We have a few people interested in buying our home by owner which will put a bunch more money in my pocket so I can buy a nicer house moving forward and hopefully in my kids school district. Not sure what W is doing for housing but I don't care anymore! W still doesn't communicate with me one bit! I am available to talk and will if she initiates but nothing at this stage, and she is still thinking very selfishly especially with the kids. She will be going out with friends this weekend while missing our S13 first games of the season. This normally would have been ok but with what's going on I feel she should be there to support whatever or kids are doing. That's what I will do regardless if I have them with me or not! I always made every effort to not miss one event of my kids.

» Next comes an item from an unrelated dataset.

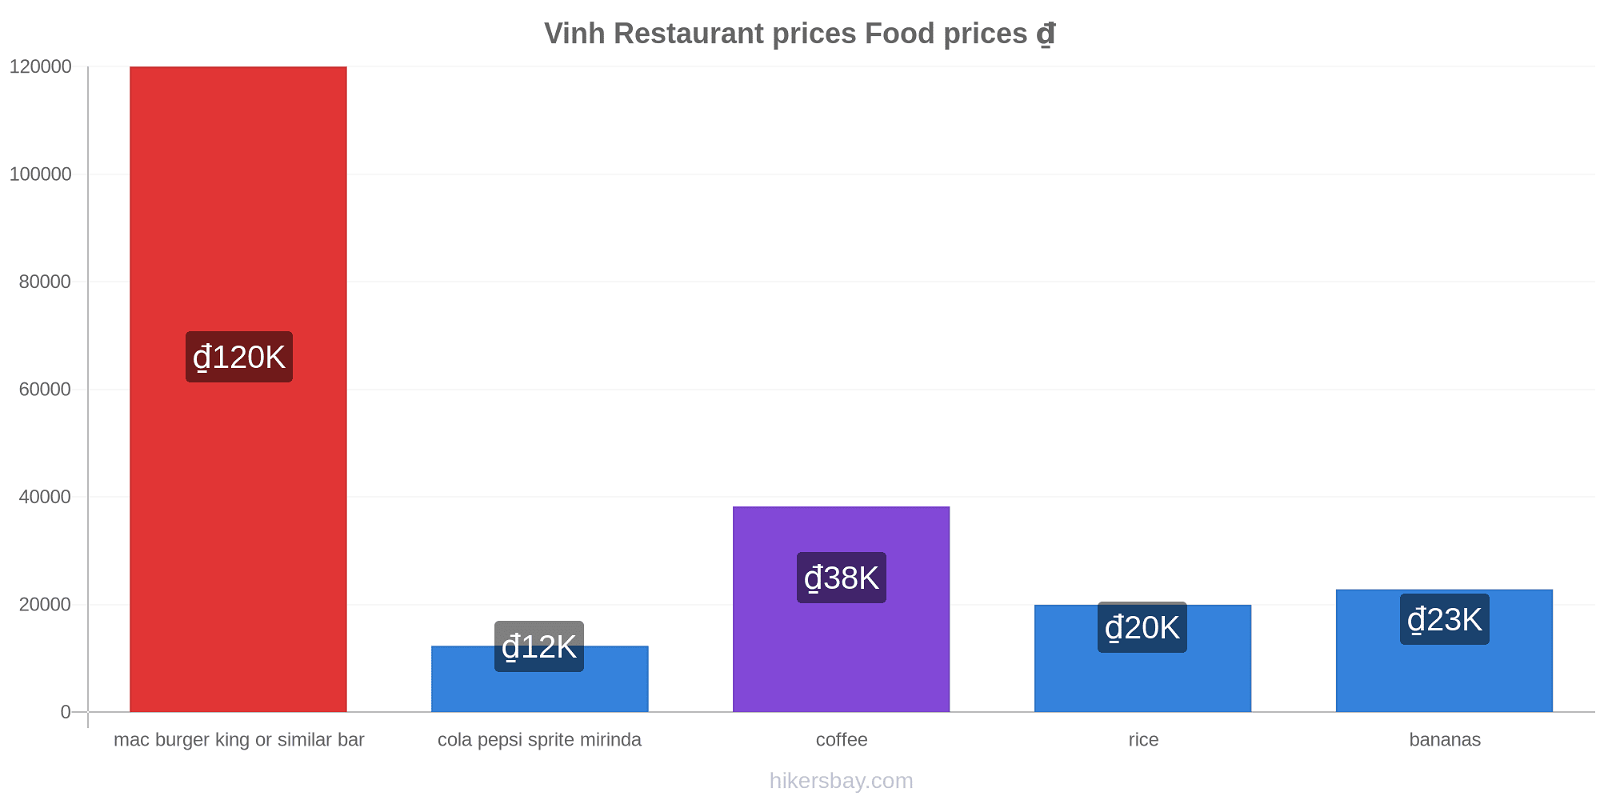 Vinh price changes hikersbay.com
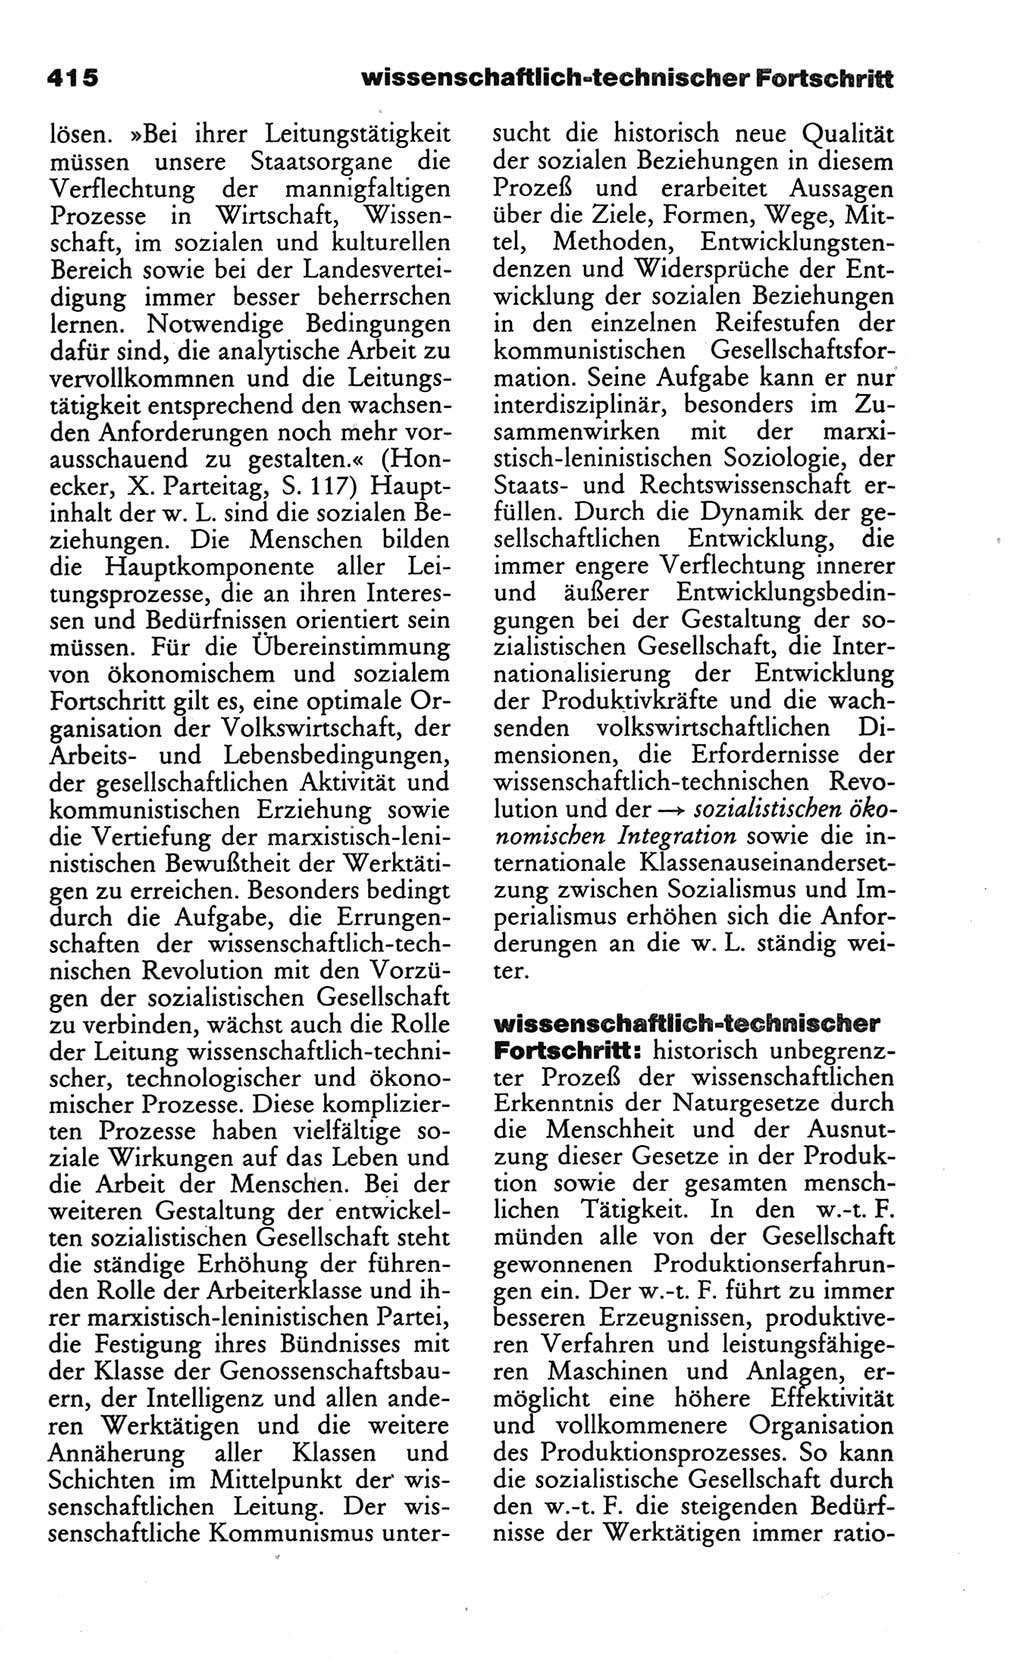 Wörterbuch des wissenschaftlichen Kommunismus [Deutsche Demokratische Republik (DDR)] 1986, Seite 415 (Wb. wiss. Komm. DDR 1986, S. 415)

We had to attend a mandatory(court ordered) co parenting class and how divorce effects the kids, I was OK during the video but one child in the video had mentioned that he hated mommy when she got a new boyfriend while mommy and daddy were still married, I looked at my W and she was balling her eyes out! First sign of emotion from her in 6 months! My S13 and I were talking and he told me how mad he is at mom because she is the only one in the house that seems happy that we are getting divorced, he said he will never forget her for divorcing me!! That's for her to deal with not me. My kids are in the swing of the school schedule and seem to be doing OK for the most part, my s17 still spends most of his time not at the house because he said he hates the atomosphere when we are both there. My d11 seems to have taken on the roll of the peacemaker, she is just trying to make sure we are both happy and in good spirits, but she does hang with me a bunch more! My kids are still gravitating towards me because I take the time for them! W has checked out and they see it!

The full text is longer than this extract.